President Trump lifted the temporary restrictions placed on certain foreign investors and temporarily suspended the capital gains tax on the U.S. Treasury securities market.[...] In order to promote a smooth transition in markets, the Committee will gradually slow the pace of its purchases of both agency debt and agency mortgage-backed securities and anticipates that these transactions will be executed by the end of the first quarter of 2010.
Here’s another example where the model probably took something Obama said about supporting the Fed and put in “Trump”. The tweet below shows one of the many examples where Trump criticised the Fed harshly in public. This obviously doesn’t chime with the model-generated text at all.
“President Trump today expressed strong support for the policies of the FOMC. In taking the discount rate action, the Board approved requests submitted by the Boards of Directors of the Federal Reserve Banks of New York, Philadelphia, Atlanta, Chicago, St. Louis, Minneapolis, and San Francisco…”
Bearing in mind that the model used barely more than an hour to fine-tune itself, the results are still remarkably good and with some light human editing they can be close to perfect.

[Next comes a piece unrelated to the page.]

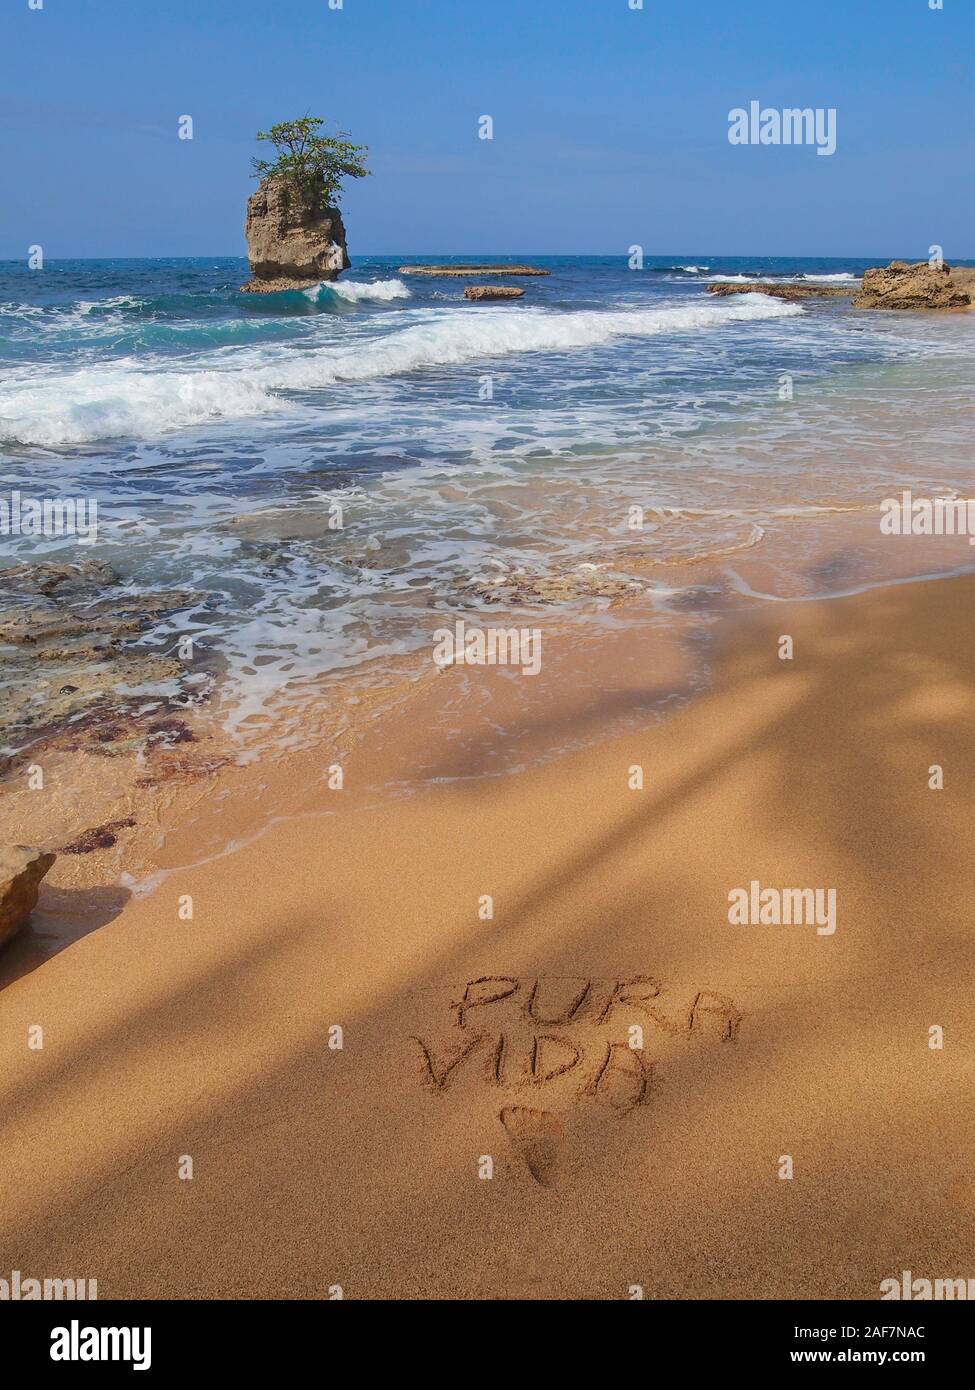 Mare tropicale a riva con un isolotto roccioso e le parole 'PURA VIDA" scritto nella sabbia, costa caraibica del Costa Rica, America Centrale Foto Stock

OpenAI has decided to not to release the really big language models that produce even higher-quality text than the medium-size models used here — yet. The obvious concern is that these larger model might be used to generate unprecedented amounts of fake news that cannot be identified as such anymore because it is too similar to human-written text. This is a real risk, but possible solutions are in the works, e.g. verified sources an identification systems.
The unrealised potential of such self-trained language models are significant, because the algorithm develops a real understanding of the text. The use case of summarisation alone could be huge, e.g. the model processes large amounts of text (in English and other languages) and instantly summarises the content in “its” own words. This would benefit all kinds of decision makers — from foreign policy to trading in financial markets.